**Provided material**
__________________________________________________

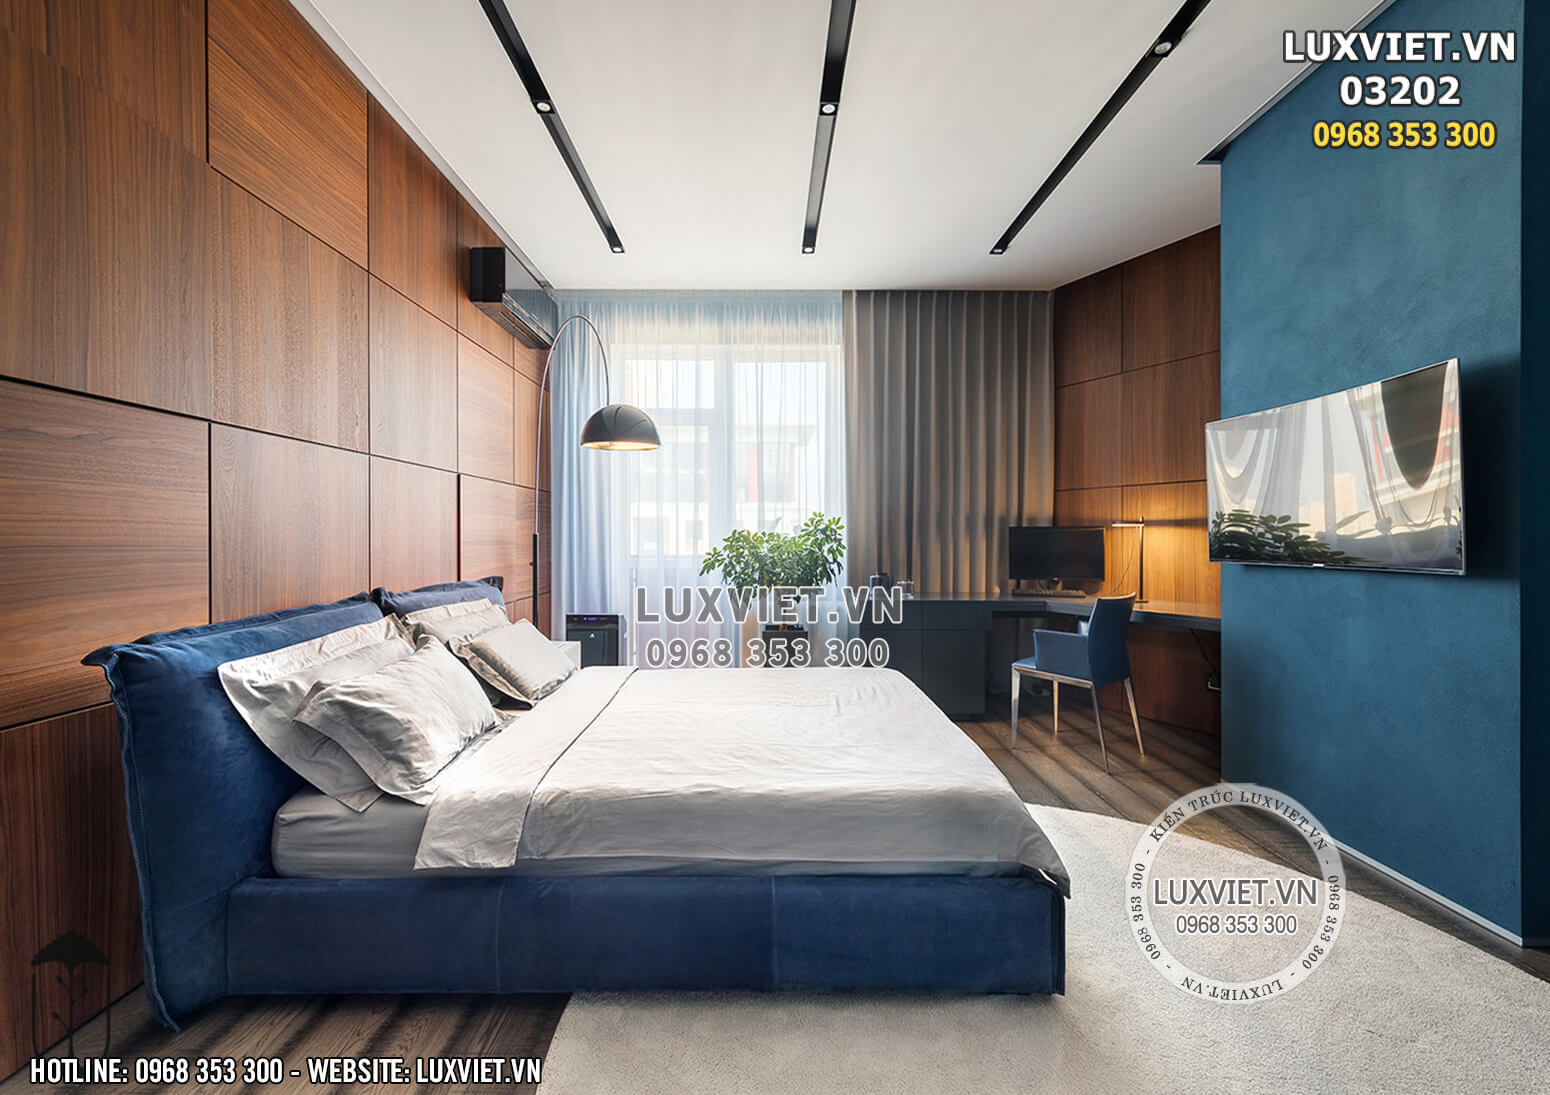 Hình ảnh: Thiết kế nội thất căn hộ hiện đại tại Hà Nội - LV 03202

__________________________________________________

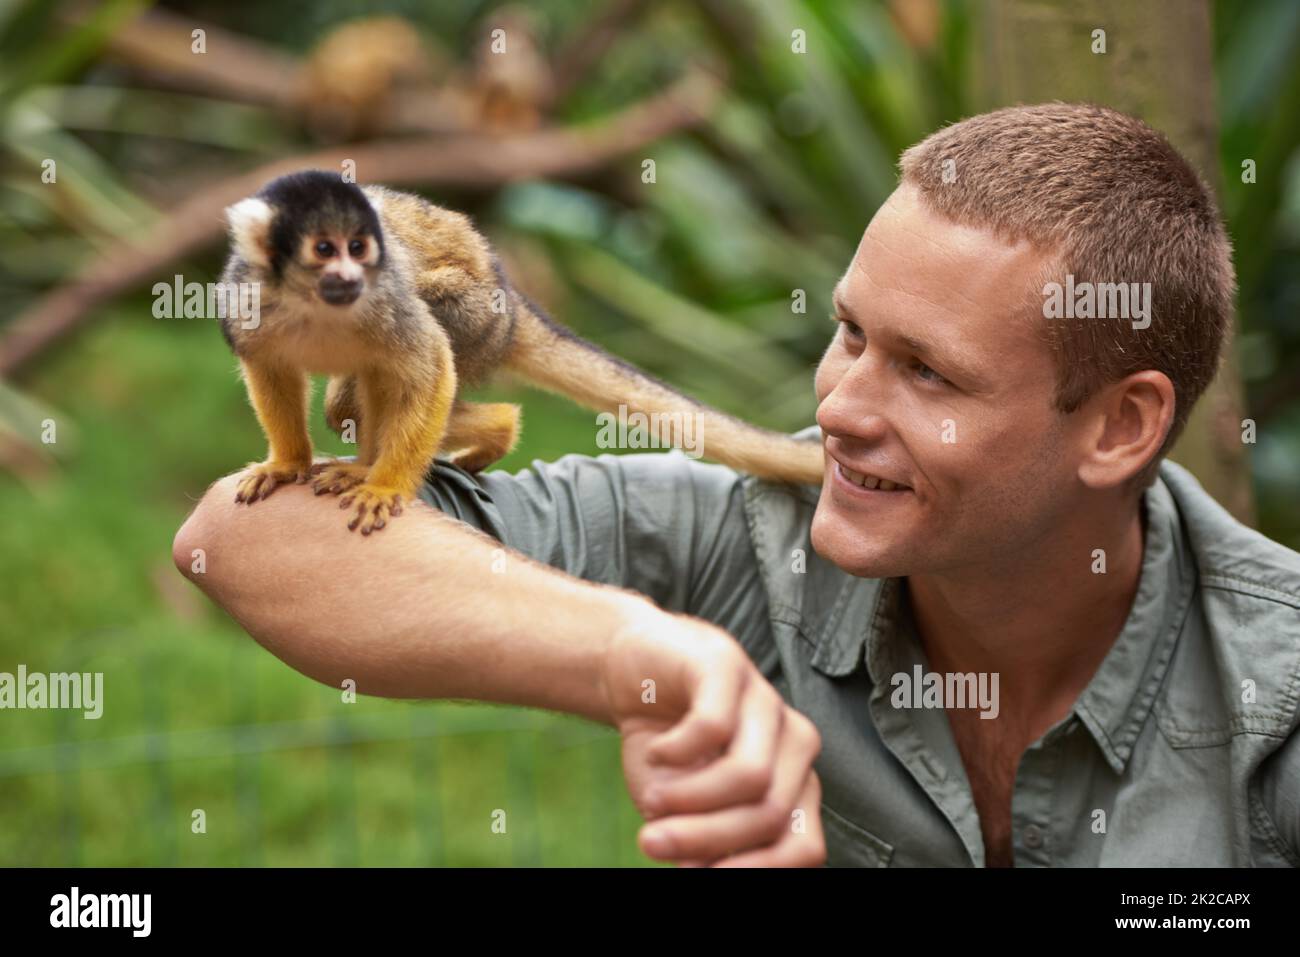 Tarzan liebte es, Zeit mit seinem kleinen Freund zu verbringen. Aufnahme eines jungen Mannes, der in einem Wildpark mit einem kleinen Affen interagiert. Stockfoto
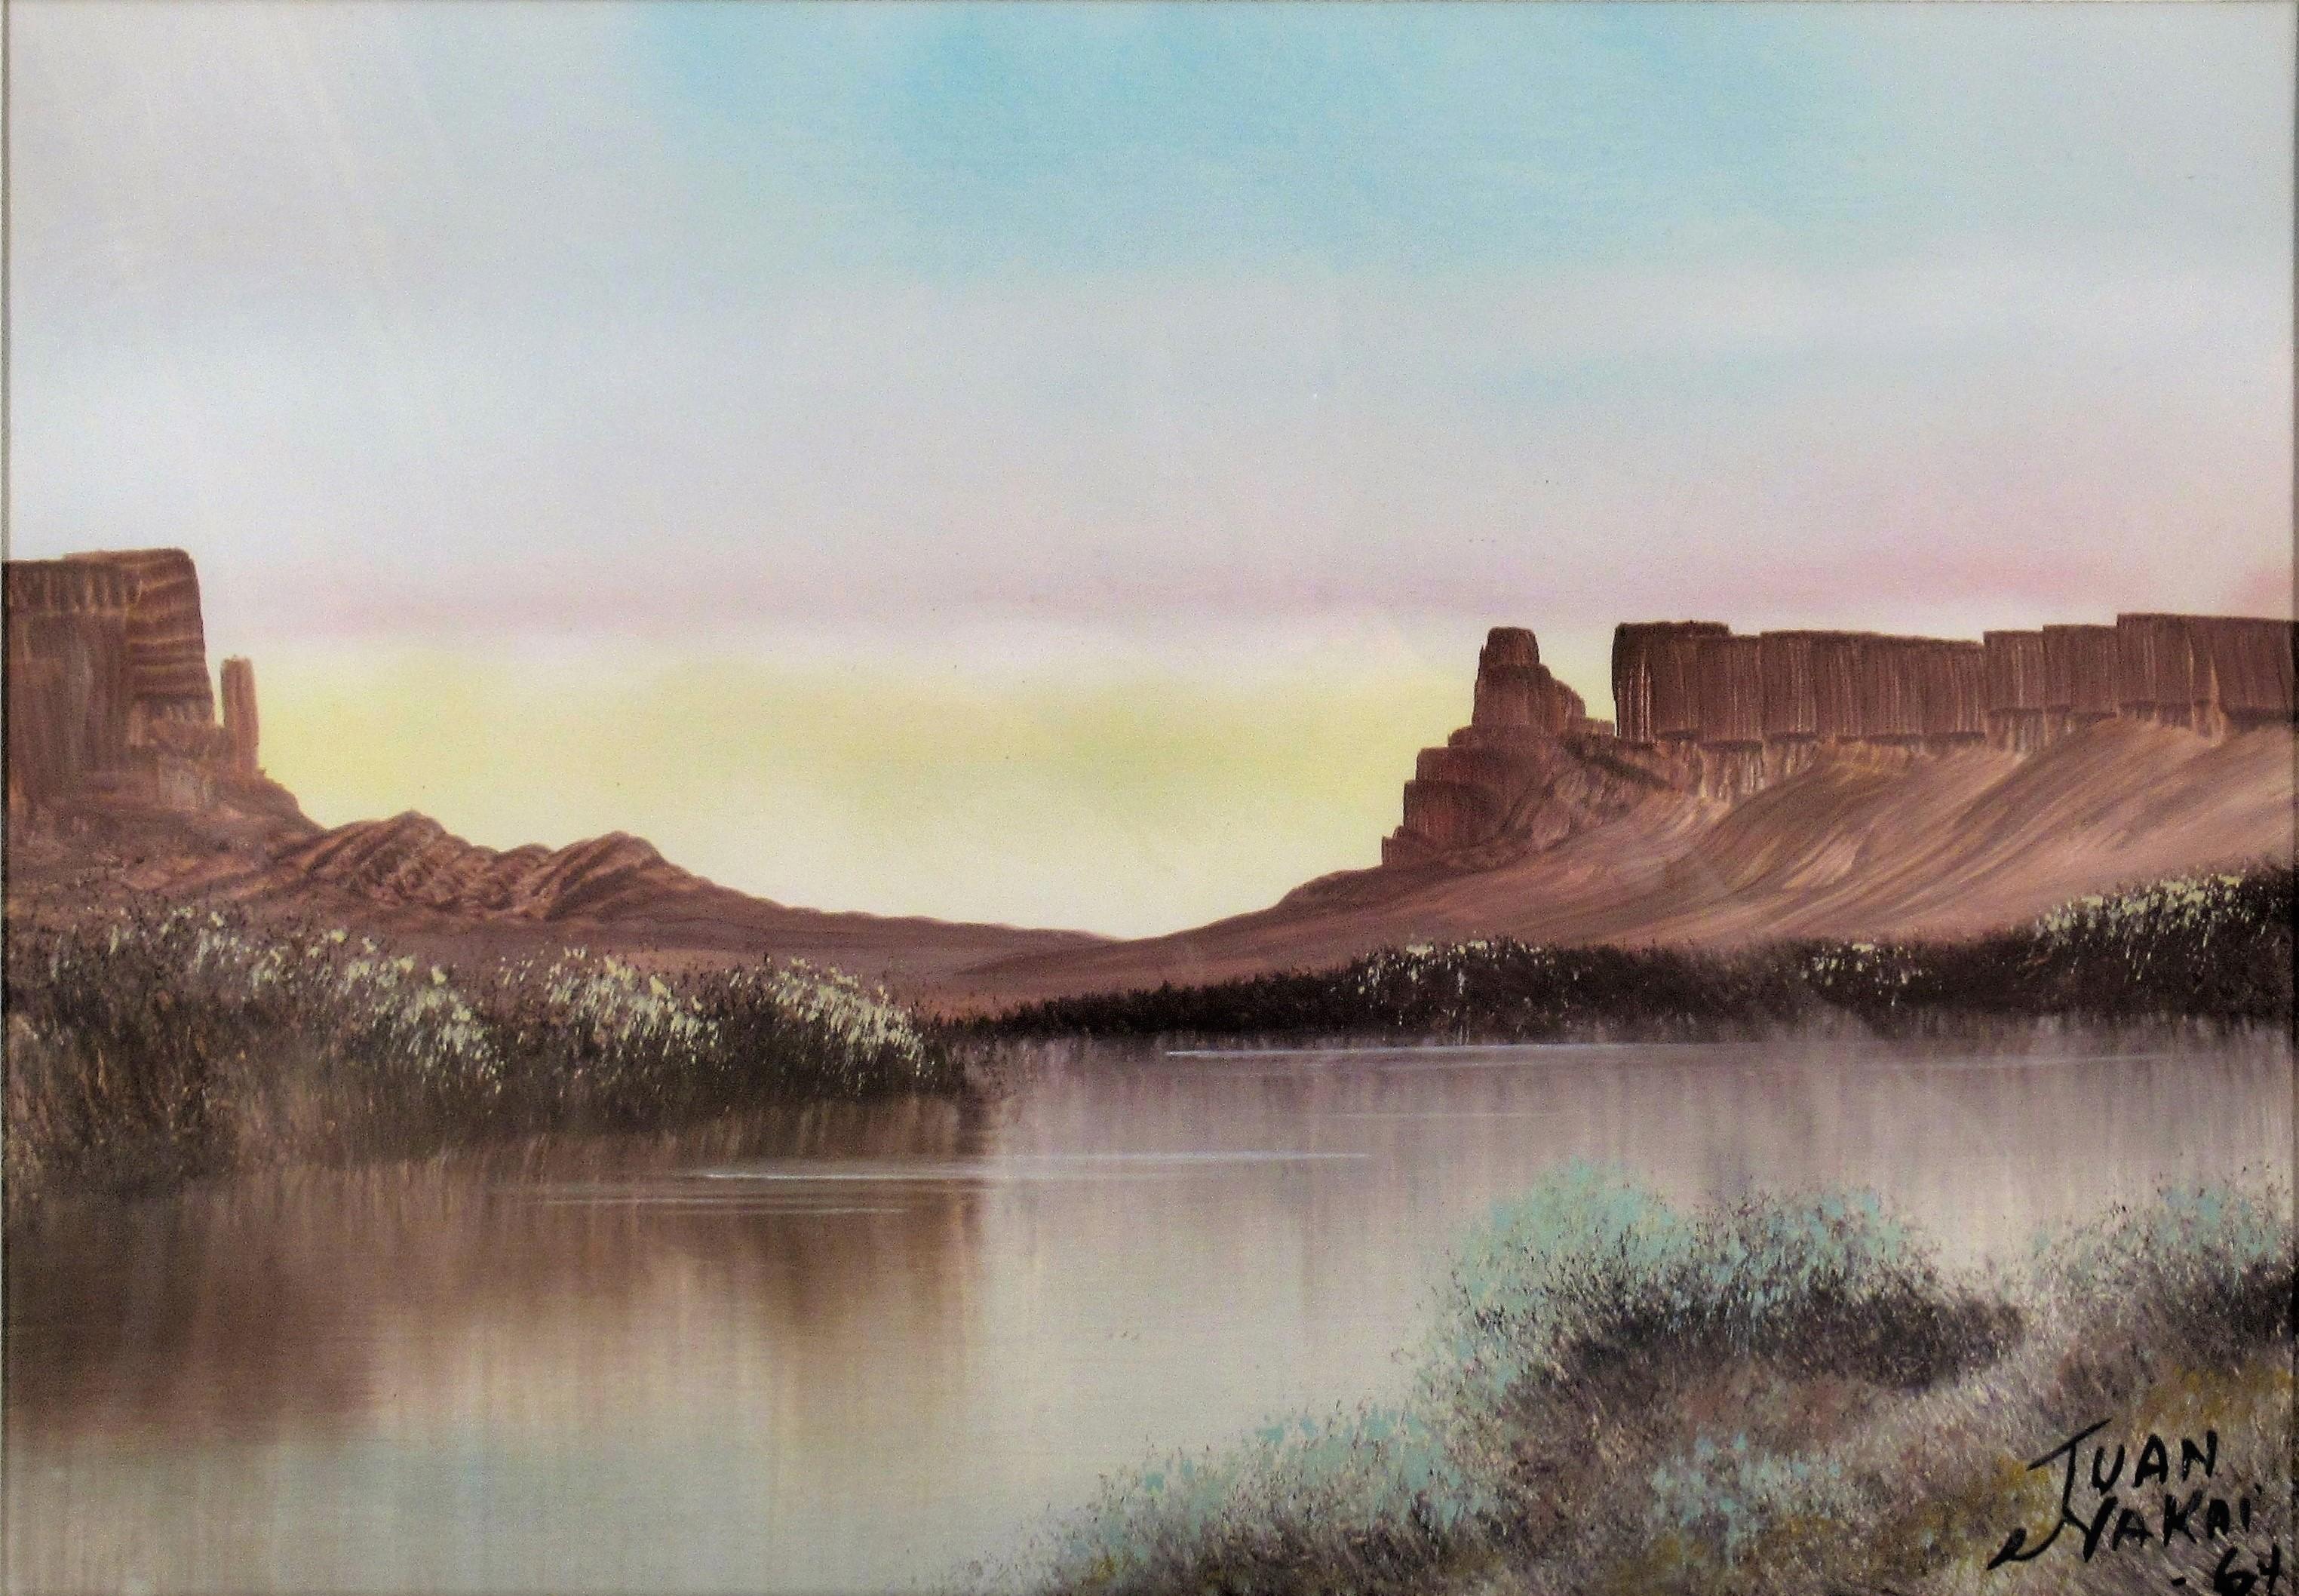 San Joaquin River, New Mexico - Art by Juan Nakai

__________________________________________________

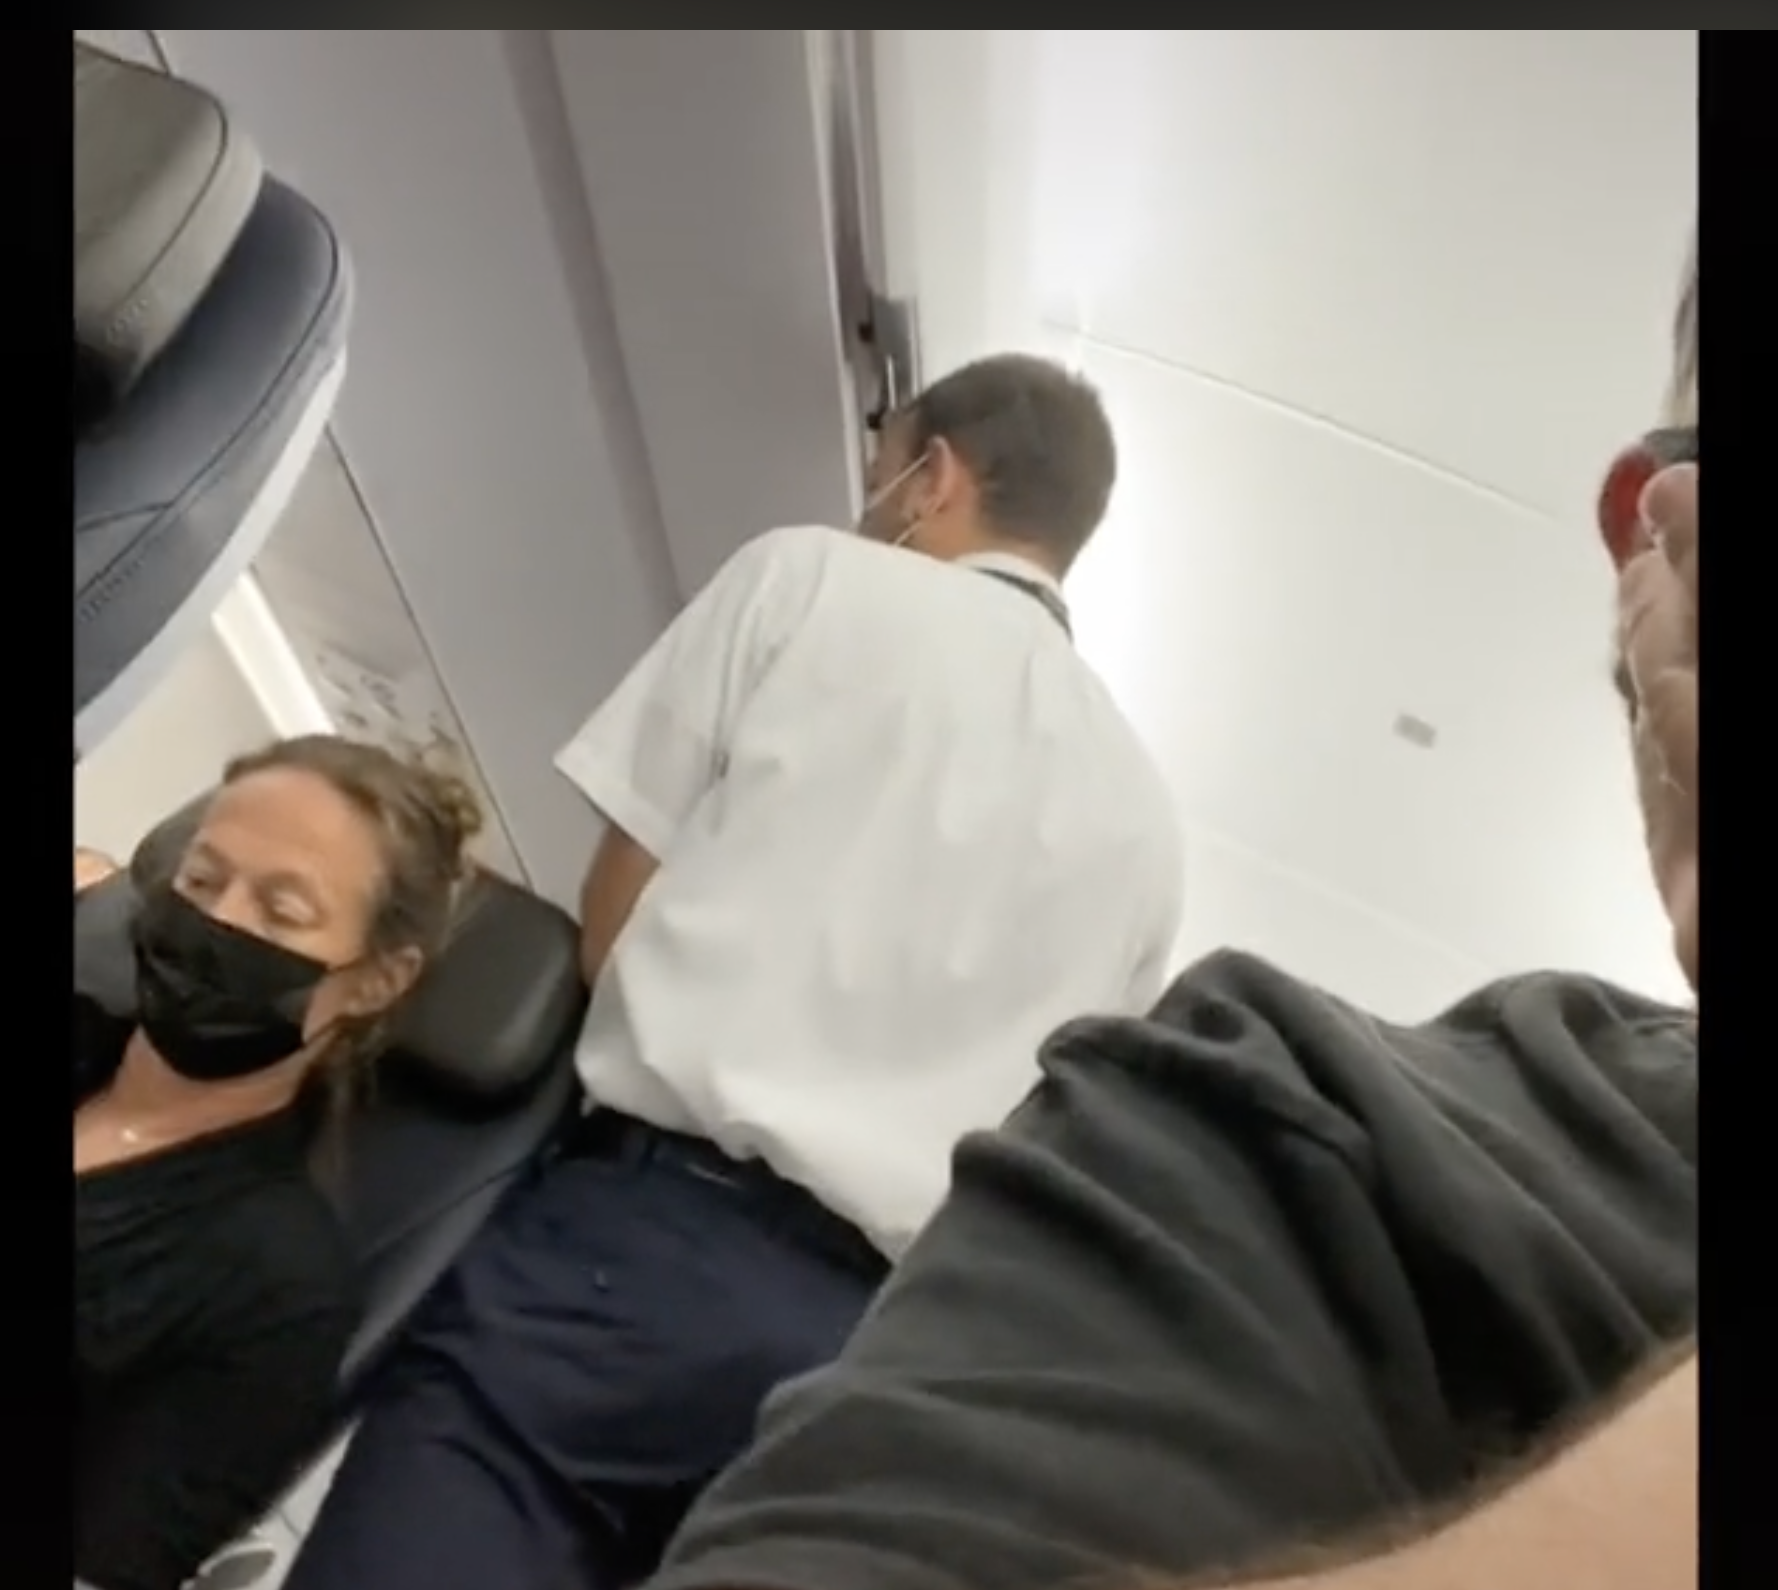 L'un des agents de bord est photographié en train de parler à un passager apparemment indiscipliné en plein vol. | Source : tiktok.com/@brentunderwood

__________________________________________________

**Instructions to follow**
Only one part of the material above is wanted: the lines from the one with "Tarzan liebte es, Zeit" up to and including the one with "San Joaquin River, New". Please copy them exactly, pictures left out.

**Answer to the exercise**
 Tarzan liebte es, Zeit mit seinem kleinen Freund zu verbringen. Aufnahme eines jungen Mannes, der in einem Wildpark mit einem kleinen Affen interagiert. Stockfoto
 San Joaquin River, New Mexico - Art by Juan Nakai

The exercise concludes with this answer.